The last time I was in Paris, it was just for one day. I flew over from London where the rest of the teaching team was planning British witch camp. I went specifically to see my Aunt Edie.
Edie, my father's sister, moved to France after World War II to help resettle refugees from the camps. She liked it there, found a great job in the financial sector and stayed for sixty years. She, her husband and son lived in a Montmartre apartment so small I could not figure out how they managed a peaceful coexistence. Their kitchen, for instance, was hardly bigger than this blogpost. Of course in Paris, going out to eat is not chore. Yeah. But still - that apartment was so tiny.
We spent much of our time together sharing family stories. She regaled me with tales of the years when my father and mother were good with each other, happy even. They worked together in politics mostly and were great allies, a good team. I had never seen them happy with each other; her stories were such a gift!
The other thing she gave me was a name, one word she pulled from an old book or something, one of the random things that ended up in the U.S. when my grandfather came through Ellis Island. She believed it was the name of our ancestral shtetl.

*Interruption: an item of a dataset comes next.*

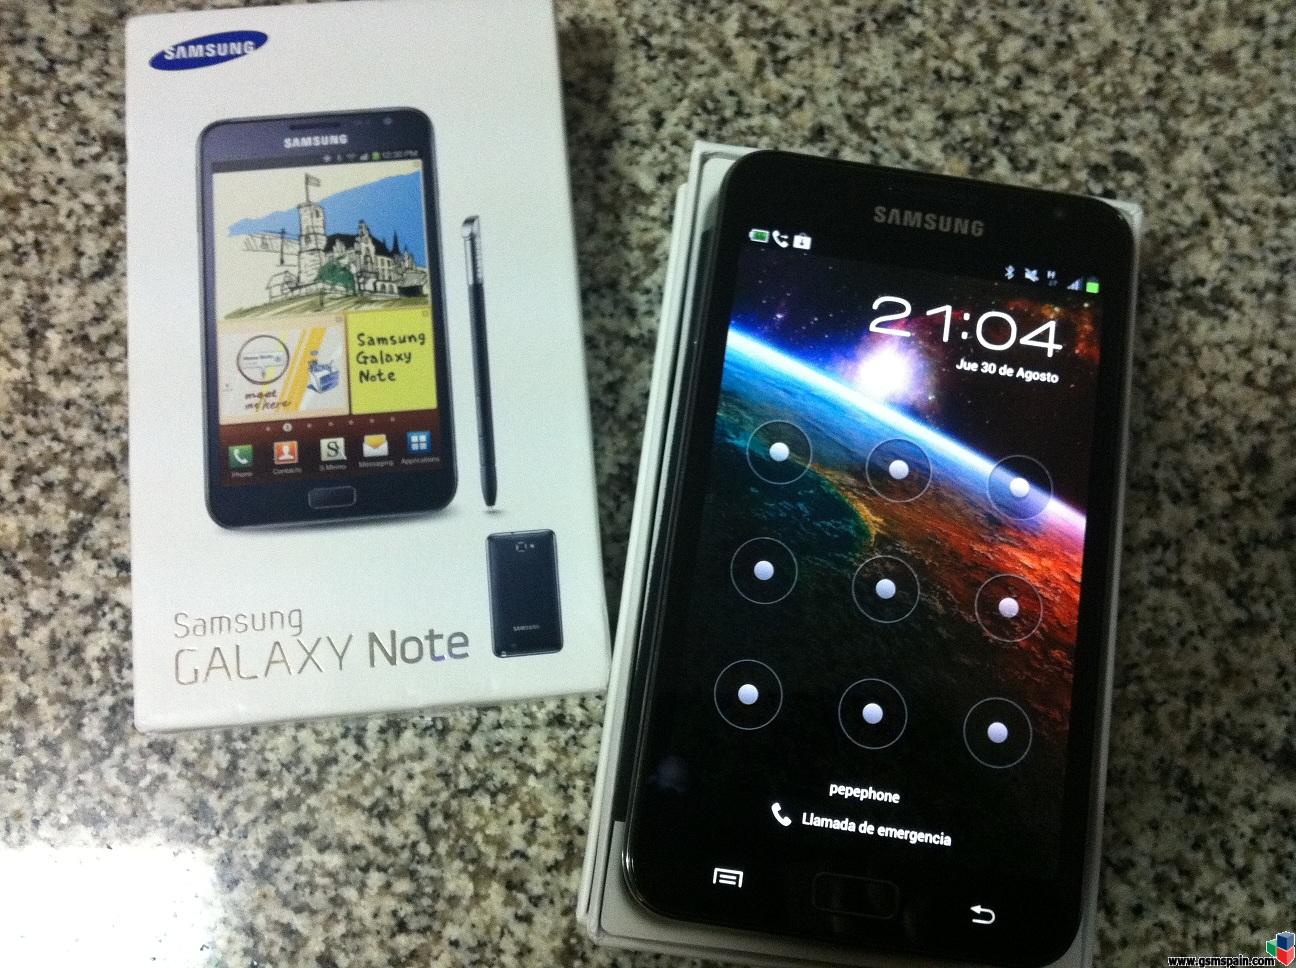 [VENDO] Samsung Galaxy NOTE Libre de origen, con factura + accesorios // 300 + Envo

It was a wonderful 24 hours during which my auntie kept saying, "You don't want to go see the Arc or the Tower?" Nope. I just wanted to hang out with my aunt.
It was that one word, in my aunt's handwriting on a scrap of paper, that I took to the library at the Holocaust Museum. The librarians told me immediately it was not a spelling they recognized - not Polish, not Ukrainian, not Russian. Edie told me the location of the shtetl was west of Lvov in modern Ukraine. With just two bits of information, the EXCELLENT librarians found the shtetl and a pictorial archive not only of that town but the other small towns close by. There is a Yizkor remembrance book in a library in San Francisco, written in Hebrew. Some day I would love to get some of those stories translated. The librarians said the Yizkor books are kind of hilarious, compendiums of shtetl gossip. I would love to read some of that!
Aunt Edie was glad for my company as she was grieving the loss of her husband. They were married almost all the years she lived in Paris. Coco, as she and all of us called him, was someone she felt she really could not live without. I'm grateful for that 24 hour visit. My aunt died three months later.
I cherish the gift of that final visit with my funny, haughty, wickedly intelligent auntie. I cherish the gift of family myth, also the misspelled name of the place where my ancestors lived for centuries and died all at once, asphyxiated in volkswagons on August 9, 1941. I'm thinking of my aunt with a lot of love this morning. Hey Edie! I know you're flying high. I love you. Thank you! Shalom.